Immunological Perspective of Infection Exposure in Surgical Pathology Laboratory

These materials are an addition to the “Infection Exposure in Surgical Pathology Laboratory” article.  The presented below pathology superficialities can be placed only on the website because a peer reviewed publication requires higher level of argumentation and references.   But I’m reiterating that my webhome is my castle as the old British might have said if they had known the Internet.

OSHA‘s Bloodborne Pathogens Standard (29 CFR 1910.1030) safety requirements are more or less implemented in most surgical pathology laboratories. The cavalierly attitude towards infection exposure safety is gradually replaced by rational approaches. Safety measures cost money, efforts and inevitable inconvenience at the working place. All these measures, however, are done not only for an inspection display, although inspections are nervous institutions’ festivals when the management is able to enforce power and compliance, but the subordinates can demonstrate loyalty and submission. And everyone is happy when the commission had left without even noticing the masquerade.

In full gear. Ready for inspection.

On the serious note, there is no any credible data of acquired infection in surgical pathology laboratory. Any cohort epidemiological studies of laboratory-acquired infections in clinical settings are also absent. Even specialized research facilities have not published any materials about laboratory-acquired infection besides some sporadic cases. Of course, the preventive measures might contribute to this bright picture, but nobody in clear mind would try to prove otherwise. The Max von Pettenkofer’s experiment when he drunk a glass of water with cholera vibrions will not be repeated. Actually, he only proved that conditions of infection exposure should be taken into account. By the way, Pettenkoffer’s young associate was not fortunate in a similar experiment. What about the mass Petenkoffer like experiment when generations worked without or with minimal protection in pathology laboratories? Of course, there were different conditions of microbiological landscape and laboratory environment. However, the question remains lingering: Is not the harmful effect of infection exposure in surgical pathology laboratory a hoax?

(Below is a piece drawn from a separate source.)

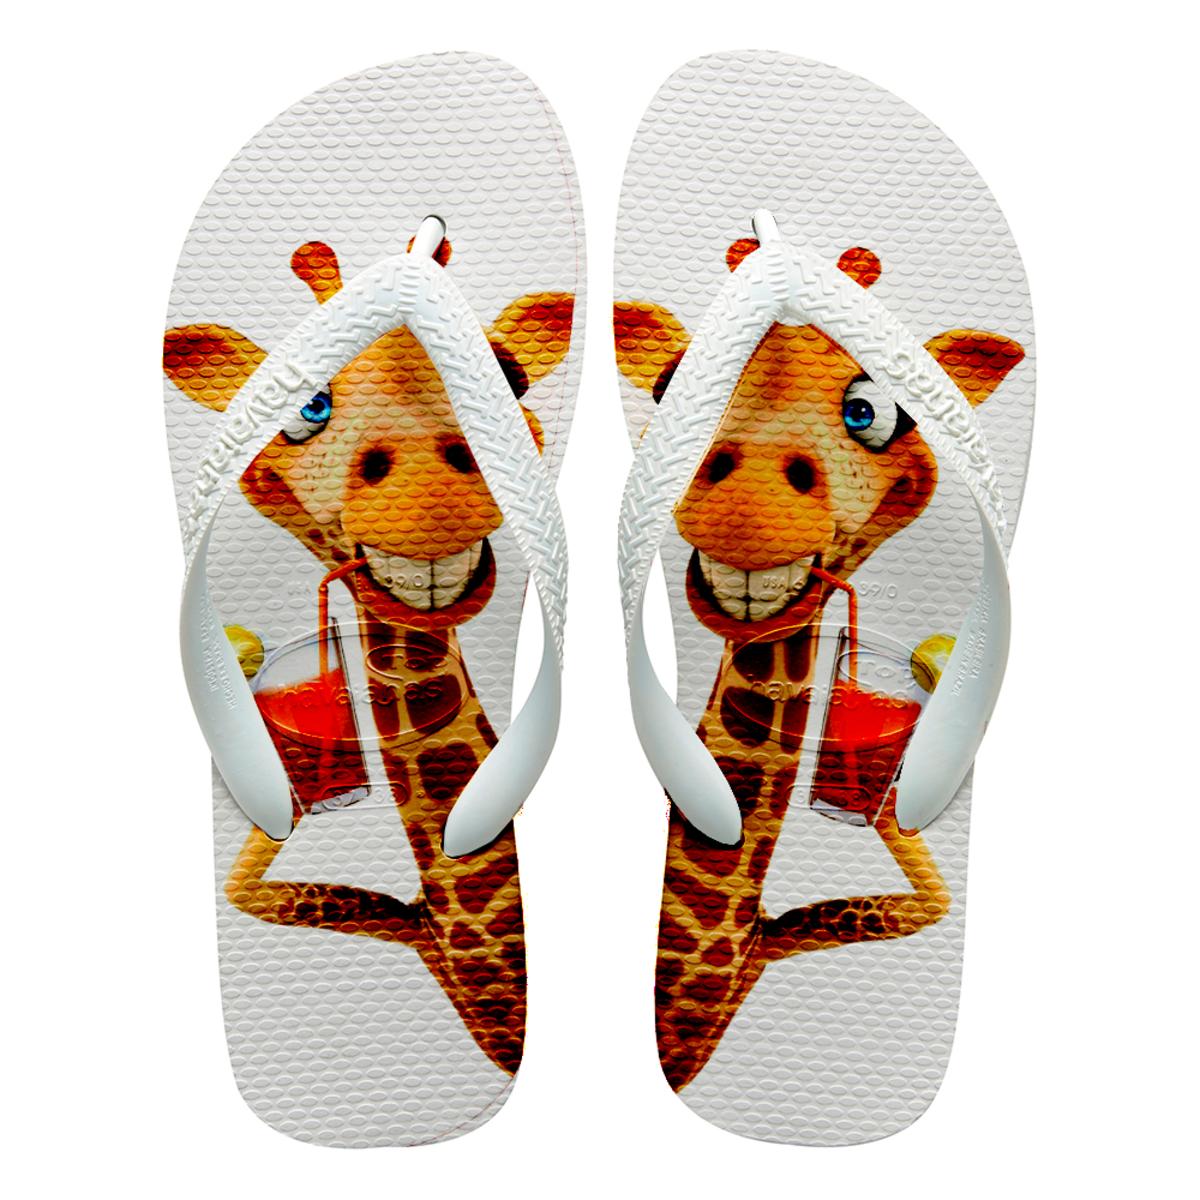 d2e58e7605 Chinelos havaianas personalizado girafa no Elo7

There might be two aspects:

First, pure Pettenkofer’s stipulation as conditions of the body. Strong acid in stomach as positive condition for cholera tolerance.

Second, the immunological condition of the individual at the moment of exposure. Acquired immunodeficiency syndrome (AIDS) as an extreme negative condition. There is a stipulation that Pettenkofer had developed immunity from an earlier, mild infection.

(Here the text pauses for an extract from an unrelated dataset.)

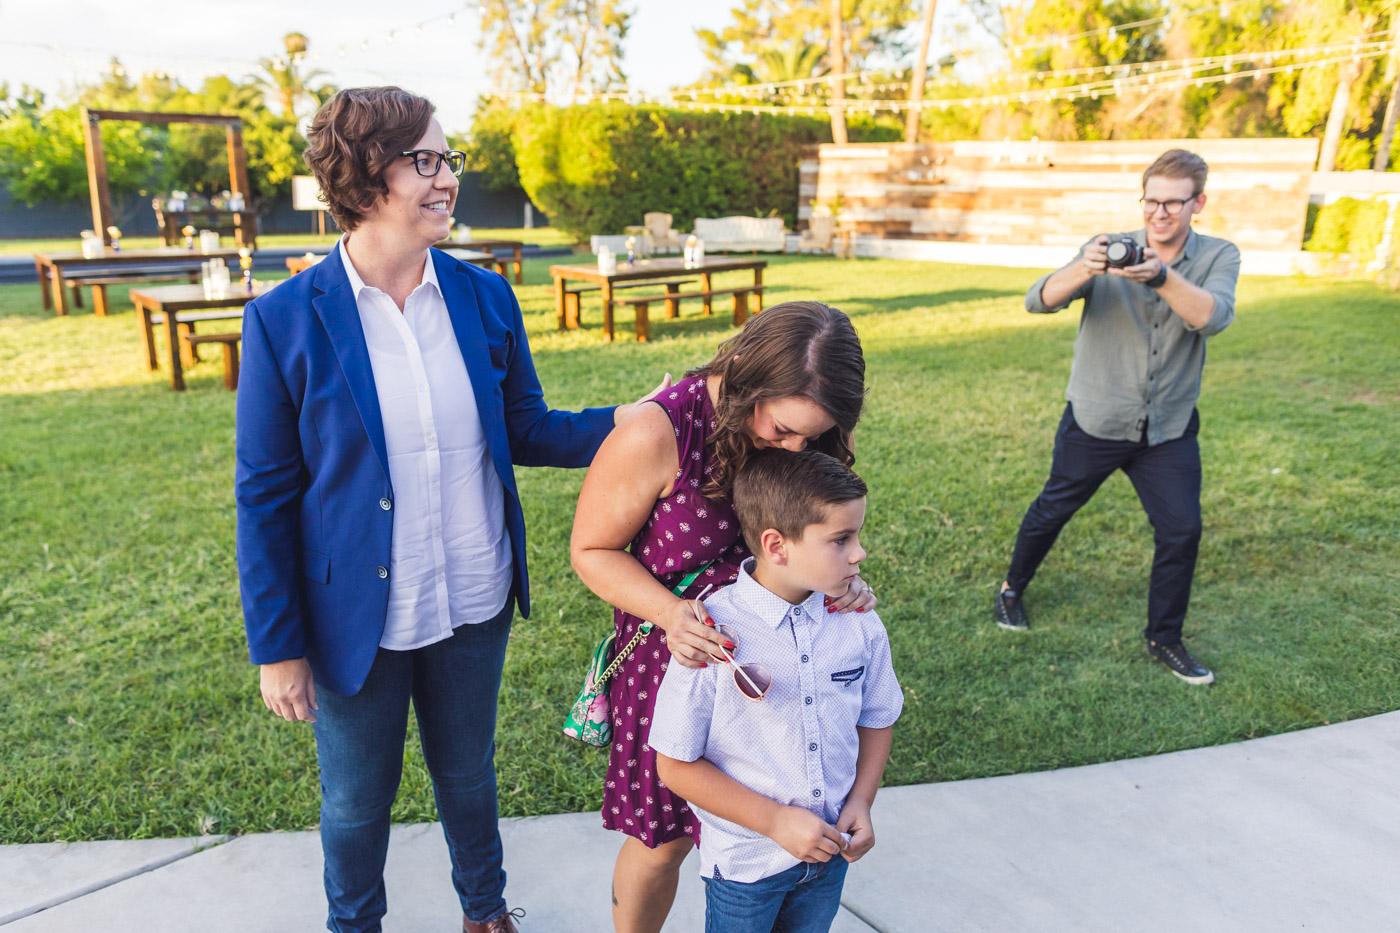 family-get-emotional-at-wedding-surprise

In accidental inoculation, not every exposure results in a manifesting infection disease. A risk assessment for infection depends on many factors as the host’s immune system, mechanism of the exposure, environment conditions, infectious dose of the exposure, virulence of the agent, its form (aerosol, solution). Combination of these conditions and numerous unnamed and unknown yet make infection exposures uncertain for a result.

Here is a broader approach to the infection exposure in surgical pathology laboratory as chronic challenge of the individual immunological system. The problem is discussed from a general pathology point of view with inevitable simplifications and scientifically unsupported stipulations.

Presented below considerations do not assume a proven hypothesis keeping in mind the vast of knowledge in the immunology literature.  This is only an attempt to provide a different look at the problem that might be partially accepted or completely objected by professionals in the field.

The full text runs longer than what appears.